The solution is to disable the autoMemoryReclaim feature in WSL. Step to turn on/off this feature:

  1. Edit C:\Users<Your user name>.wslconfig
  2. Remove or comment out autoMemoryReclaim in [experimental] section.

Thanks to RoggeOhta for discovering this. You can learn more about it here.

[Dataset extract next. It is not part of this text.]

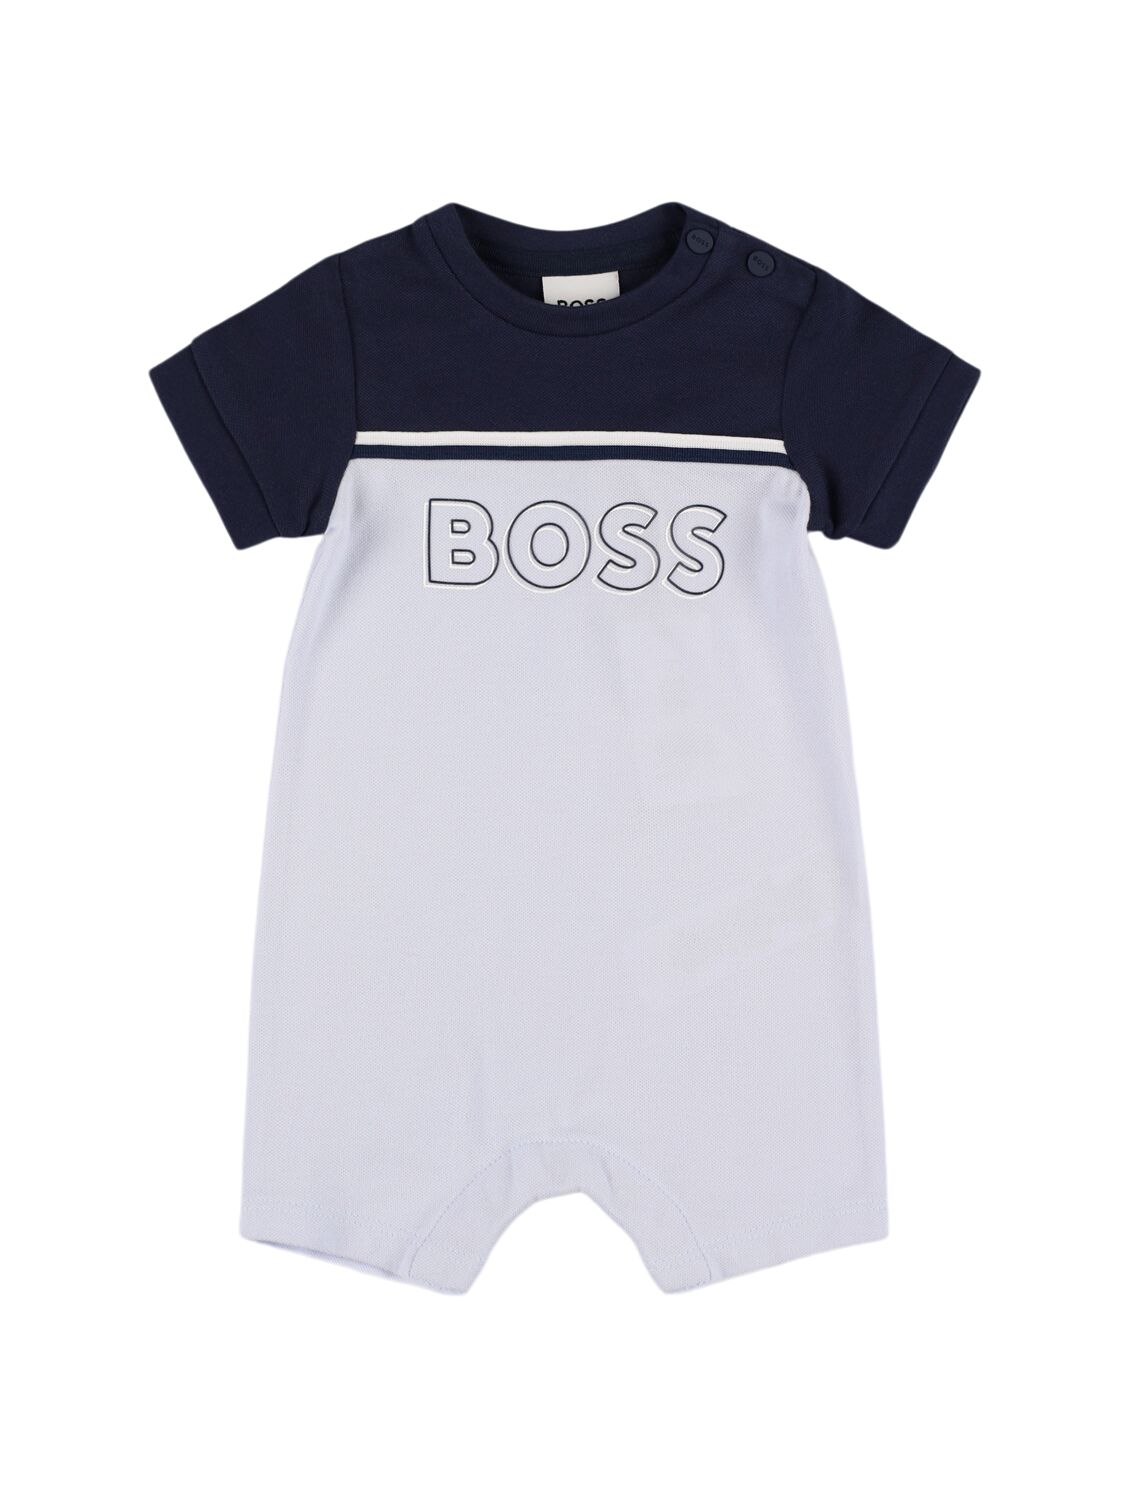 Hugo Boss Babies' 棉质珠地网眼布连身裤 In Light Blue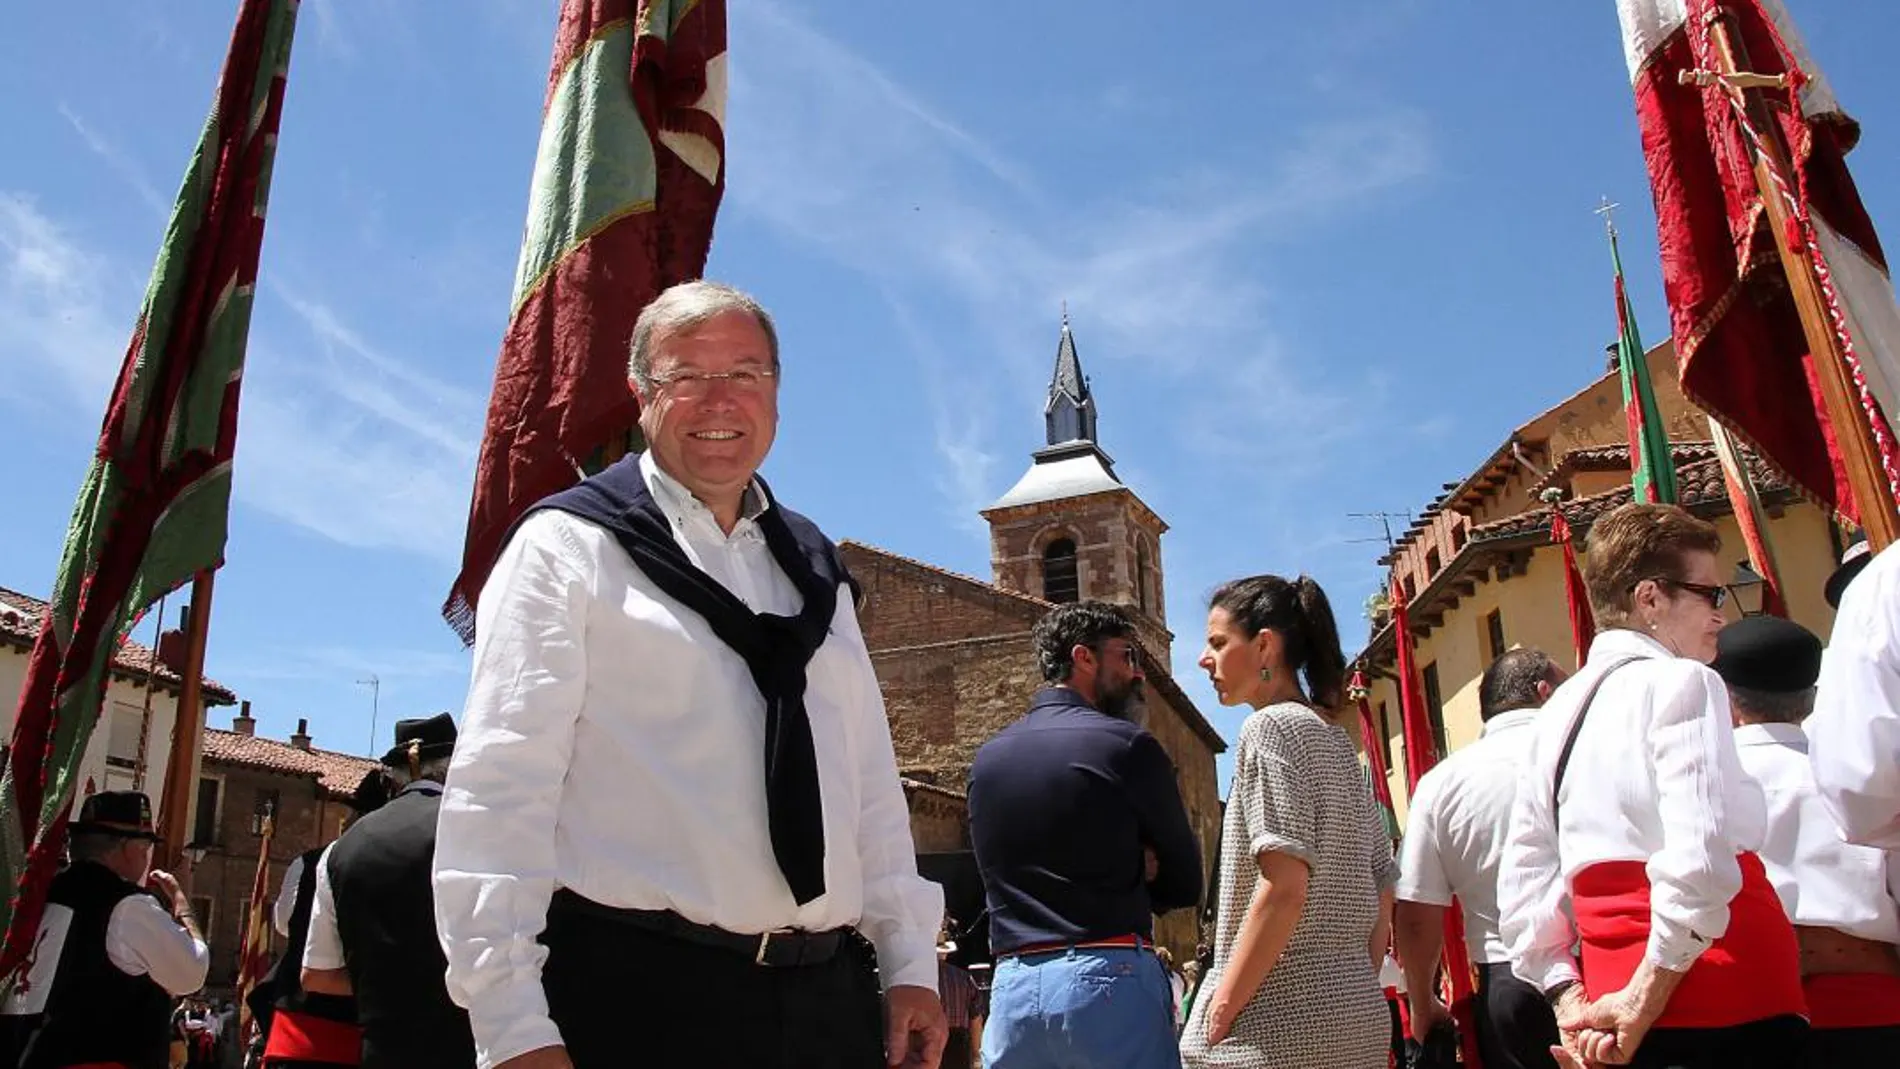 El alcalde de León, Antonio Silván, participa en los actos para celebrar el estreno de la Plaza del Grano

Failed to remove the default collection

Failed to remove the default collection. {"status":{"error":"Service internal error: No such file or directory (os error 2)"},"time":0.050924542}

It typically indicates that the Qdrant instance was not shut down properly before you try to init it again with a new snapshot. The solution is to stop the GaiaNet node first.

gaianet stop

Alternatively, you could mannually kill the processes from the terminal or in the OS's Actvity Monitor.

sudo pkill -9 qdrant
sudo pkill -9 wasmedge
sudo pkill -9 frpc

Then you can run gaianet init and then gaianet start again.

File I/O error

    * Import the Qdrant collection snapshot ...
The process may take a few minutes. Please wait ...
* [Error] Failed to recover from the collection snapshot. An error occurred processing field `snapshot`: File I/O error: Operation not permitted (os error 1)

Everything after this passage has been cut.